Collecting Web pages
function pick ($url, $ft, $th)
{
$c =fetch_urlpage_contents ($url);
foreach ($ft as $key => $value)
{
$rs [$key]=fetch_match_contents ($value ["Begin"], $value ["End"], $c);
if (Is_array ($th [$key]))
{foreach ($th [$key] as $old => $new)
{
$rs [$key]=str_replace ($old, $new, $rs [$key]);
}
}
}
return $rs;
}

$url = "Http://www.111cn.net"; The address to collect
$ft ["title"] ["Begin"]= "<title>"; The start point of the interception
$ft ["title"] ["End"]= "</title>"; End point of interception
$th ["title"] ["Zhongshan"]= "Guangdong"; Replacement of intercepted parts

$ft ["Body"] ["Begin"]= "<body>"; The start point of the interception
$ft ["Body"] ["End"]= "</body>"; End point of interception
$th ["Body"] ["Zhongshan"]= "Guangdong"; Replacement of intercepted parts

$rs =pick ($url, $ft, $th); Start collecting

echo $rs ["title"];
echo $rs ["body"]; Output
?>

The following code is modified from the previous side and is designed to extract all hyperlinks, mailboxes, or other specific content on a Web page.

The code is as follows

Copy Code

<?php

$url = "Http://www.111cn.net"; The address to collect
$ft ["A"] ["Begin"]= ' <a '; Intercept the start point <br/>
$ft ["A"] ["End"]= ' > '; End point of interception

$rs =pick ($url, $ft, $th); Start collecting

Print_r ($rs ["a"]);

small hint file_get_contents is very easy to be collected, we can use curl to imitate the user to visit the site, which is higher than the above to a lot of Oh, file_get_contents () efficiency slightly lower, commonly used failure situation, Curl () is very efficient, support multithreading, but need to open the curl extension.
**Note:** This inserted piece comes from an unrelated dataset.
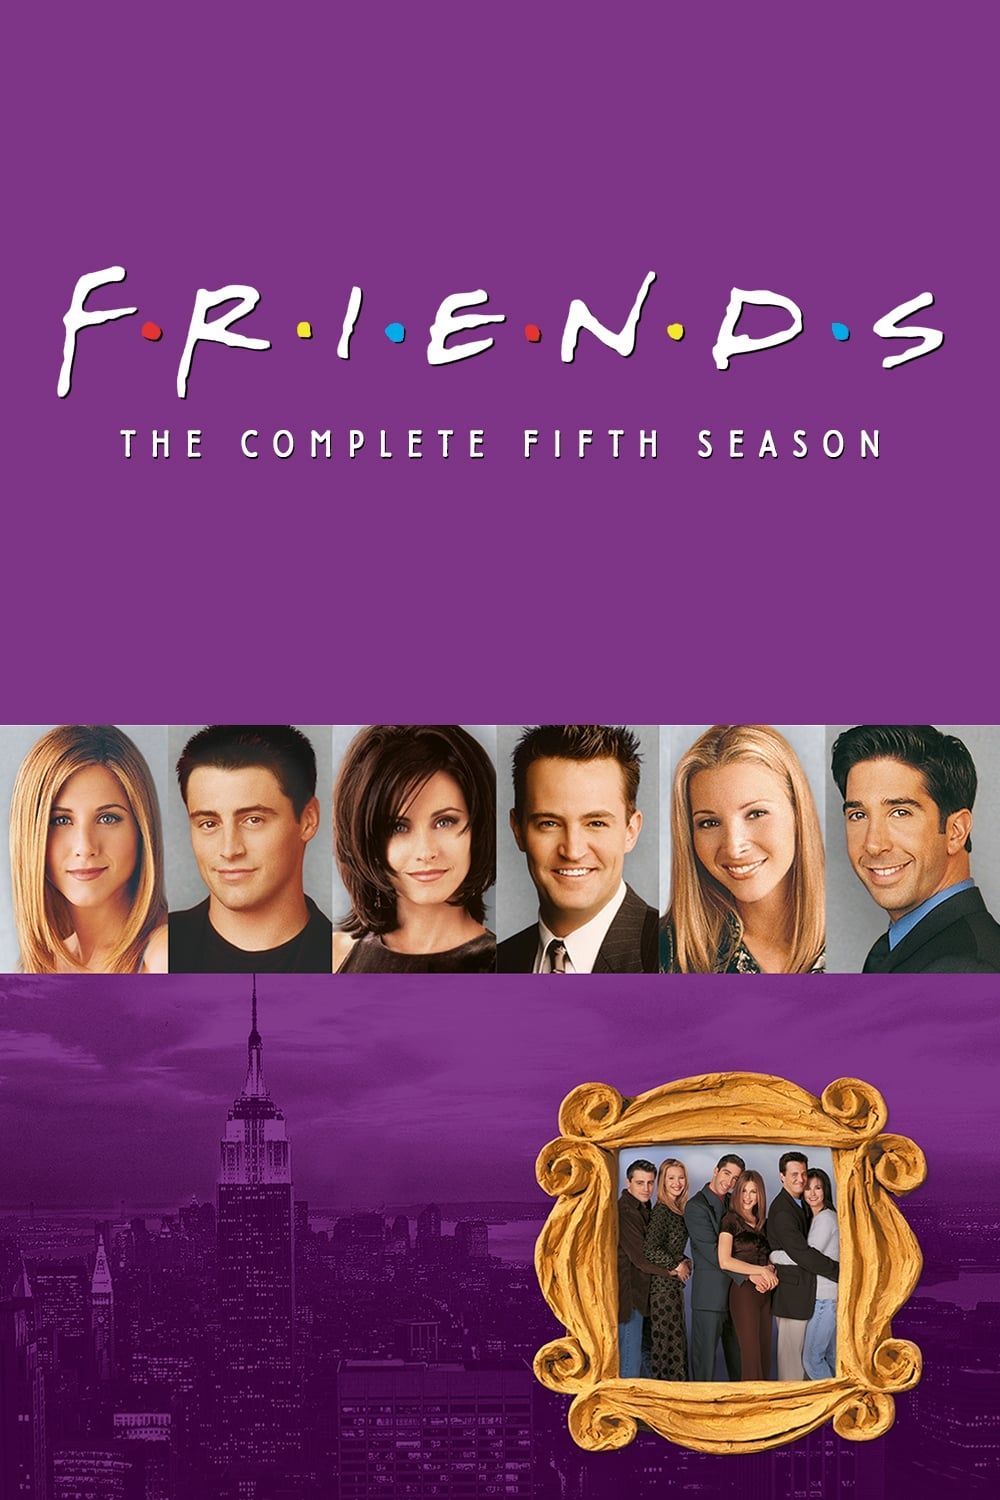 Smiling Friends Temporada 1 - assista episódios online streaming

The following are the steps to open the Curl extension:

1, the PHP folder under the three files Php_curl.dll,libeay32.dll,ssleay32.dll copy to the System32;

2, in the php.ini (c:windows directory) in the Extension=php_curl.dll in the semicolon removed;

3, restart Apache or IIS.

Simple crawl page function with forged Referer and user_agent functions

The code is as follows

Copy Code

<?php
Function Getsources ($Url, $User _agent= ', $Referer _url= ')//crawl a specified page
{
//$URL page address to be crawled
//$User _ The Agent needs to return user_agent information such as "Baiduspider" or "Googlebot"
$ch = Curl_init ();
curl_setopt ($ch, Curlopt_url, $URL);
curl_setopt ($ch, curlopt_useragent, $User _agent);
curl_setopt ($ch, Curlopt_referer, $Referer _url);
curl_setopt ($ch, curlopt_followlocation,1);
curl_setopt ($ch, Curlopt_returntransfer, 1);
$MySources = curl_exec ($ch);
Curl_close ($ch);
return $MySources;
}
$Url = "http://www.111cn.net";//There is no
$User _agent = "baiduspider+ to get Content" (+http://www.baidu.com/search/ spider.htm) ";
$Referer _url = ' http://www.111cn.net/';
Echo getsources ($URL, $User _agent, $Referer _url);
?

This article is an English version of an article which is originally in the Chinese language on aliyun.com and is provided for information purposes only. This website makes no representation or warranty of any kind, either expressed or implied, as to the accuracy, completeness ownership or reliability of the article or any translations thereof. If you have any concerns or complaints relating to the article, please send an email, providing a detailed description of the concern or complaint, to info-contact@alibabacloud.com. A staff member will contact you within 5 working days. Once verified, infringing content will be removed immediately.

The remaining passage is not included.